TASK REQUIREMENTS — Return only the lines of the listing below that run from the line with "MW Legend - Organic Relaxed Shirt" through the line with "POSTline är den", both ends included, exactly as written.

EXERCISE DATA: Begin

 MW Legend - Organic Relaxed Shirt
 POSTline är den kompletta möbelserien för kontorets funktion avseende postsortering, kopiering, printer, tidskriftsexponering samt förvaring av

EXERCISE DATA: End
EXERCISE DATA: Begin

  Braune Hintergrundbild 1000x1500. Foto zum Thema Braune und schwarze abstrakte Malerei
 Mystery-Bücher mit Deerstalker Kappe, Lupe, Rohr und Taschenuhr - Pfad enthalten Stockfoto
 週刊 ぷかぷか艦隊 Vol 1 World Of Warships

EXERCISE DATA: End

EXERCISE RESPONSE —
 MW Legend - Organic Relaxed Shirt
 POSTline är den kompletta möbelserien för kontorets funktion avseende postsortering, kopiering, printer, tidskriftsexponering samt förvaring av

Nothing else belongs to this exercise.